I would ask first, how can eight or sixteen measure sections be an uncommon structure in 4/4 time? That’s an interesting claim. The plaintiff’s track has 16 measure verses followed by choruses. The defendants’ track has two 8 measure “sections,” we might think of the first eight as verse-like, followed by that same 8 bar riser that’s in the intro, which here serves rather like a pre chorus. And then it hits the chorus. So it’s true that there are 16 measures followed by choruses, but that doesn’t seem significant, and while the claim seems numerically defensible, the structure is not clearly the same as the plaintiff’s. And while it’s true that the defendant’s track does end with an instrumental section, all of its verses (those 16 measure sections) are instrumentals too.
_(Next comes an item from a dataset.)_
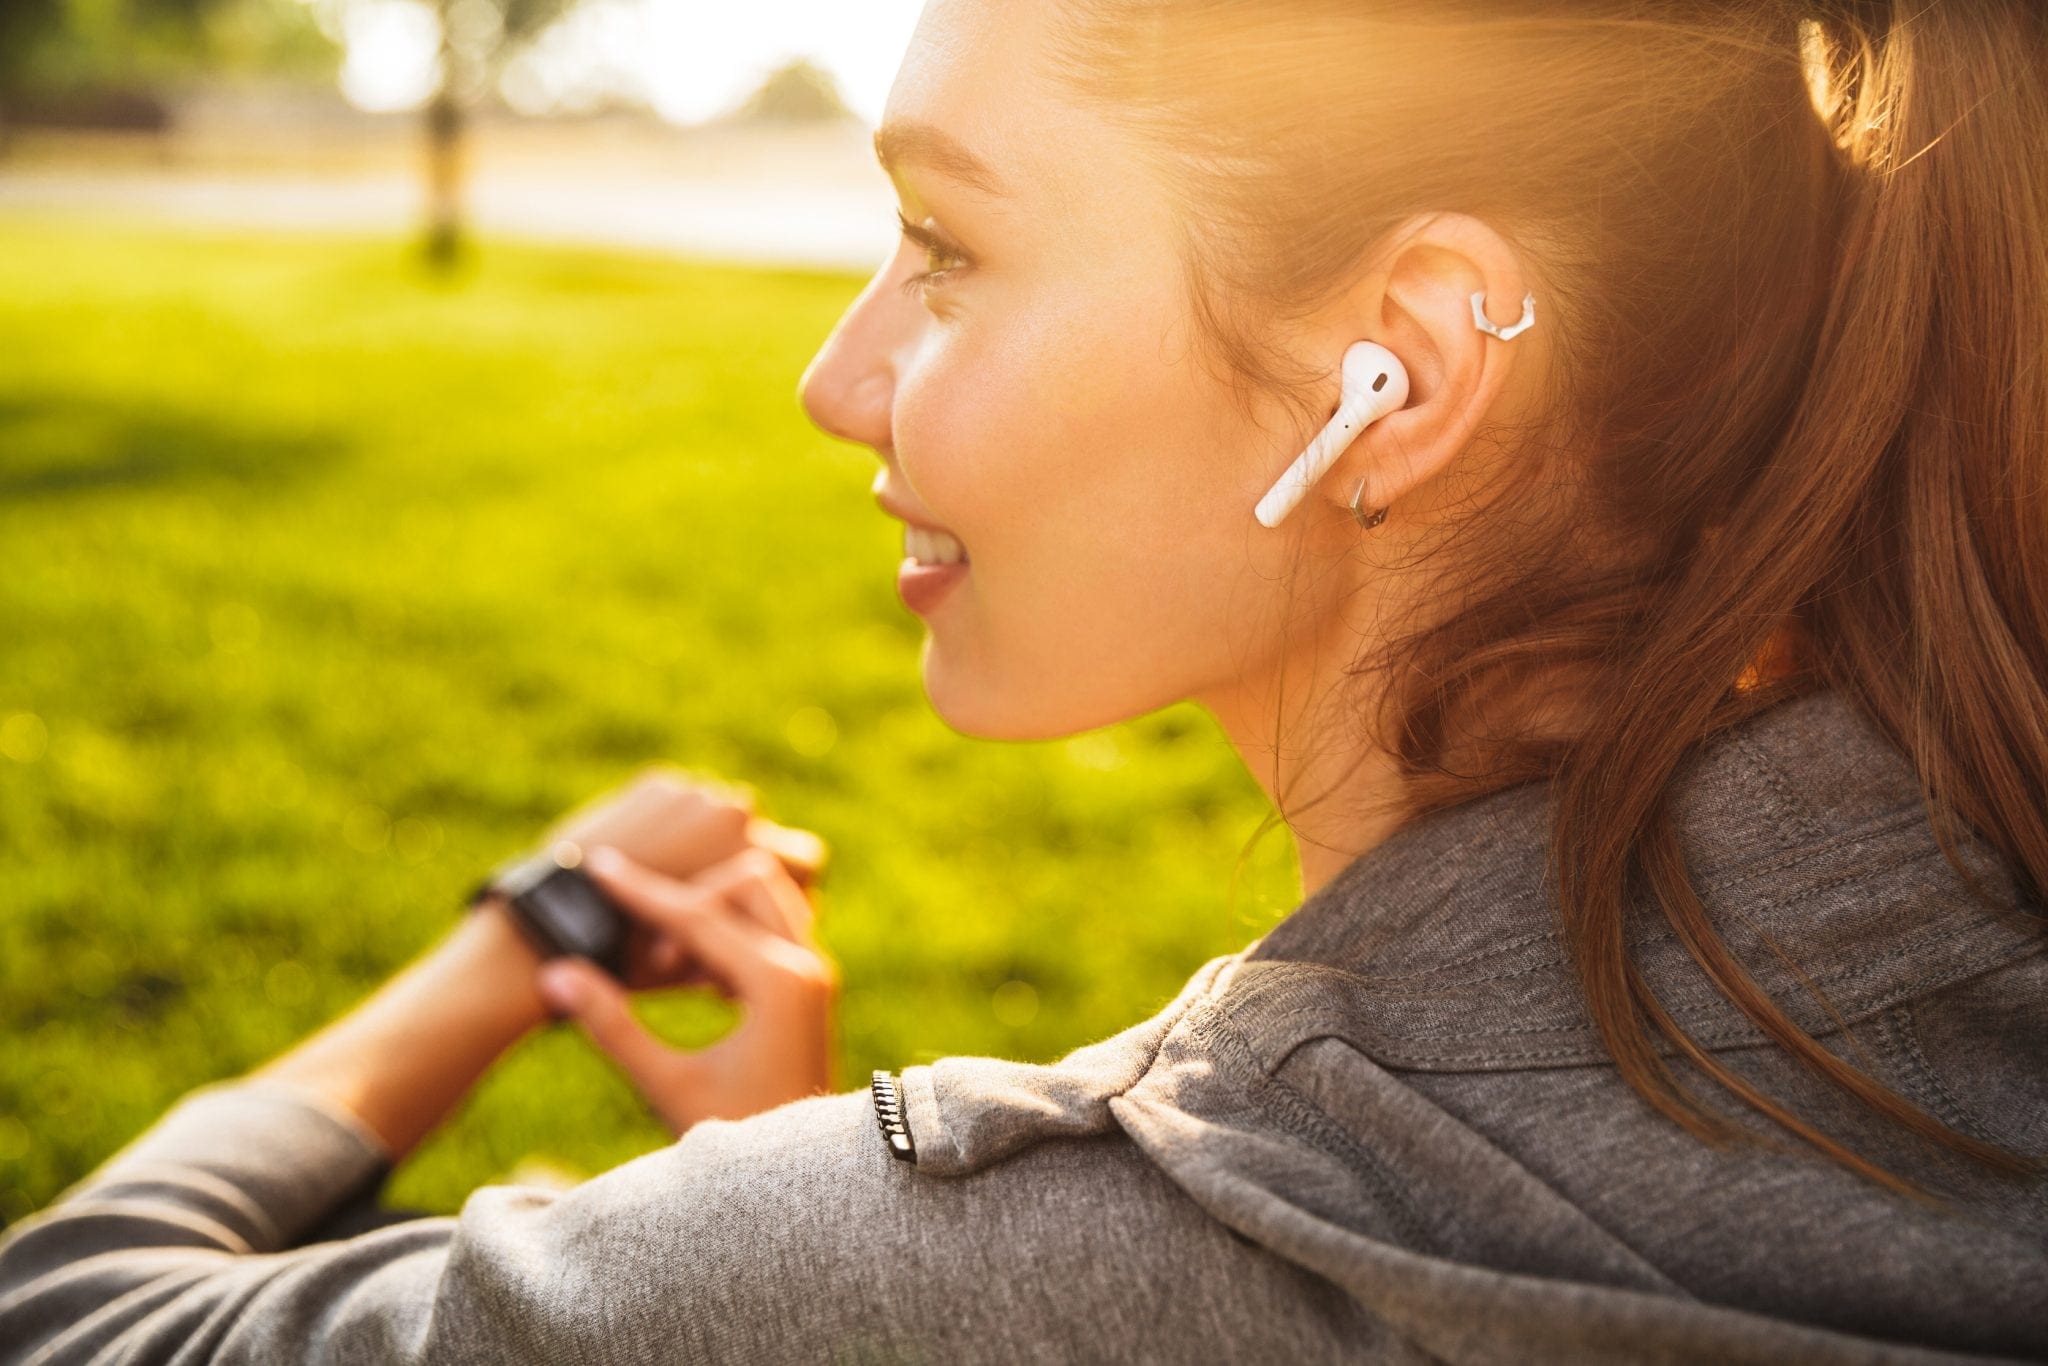 Can Wearing Earbuds Cause Hearing Loss?

Also, the defendants’ end section is a little bit of a jam that ends without resolving — it ends after a four beat measure with a stutter snare that would ordinarily have resolved to a kick drum on the one. The plaintiff’s just stops singing and the accompaniment we’ve been hearing all along gets to be heard by itself until it ends, on the one, with a kick drum and a roland cymbal. Similar in some ways. Not in others. And in the end, yes, they’re both instrumentals, but on the whole this claim is both contestible and not very significant.

CONCLUSION

After wading through a couple of less substantive claims, I have to wonder if they think they had enough. They padded this complaint with some fluff. But in two main points alone, THEY HAVE PLENTY. The main lyrical hook “Turn Down For What,” and that nearly identical instrumental hook are all there is to it! While there are other melodies in DJ Snake and Li’l John’s track, a couple of them really cool and very familiar, if you were asked to hum the melody to “Turn Down For What,” there’s an excellent chance you’d hum the one they have in common.

Which leads us to a point made later in the complaint that the similarities “reach the very essence of the works at issue.” Thats TRUE. They do.

So that was a lot of musicology but after it all, we’re pretty much at the point of just getting to work on a number. It’s gonna be a whopper. “Upon information and belief” as they say, the track has made 15M.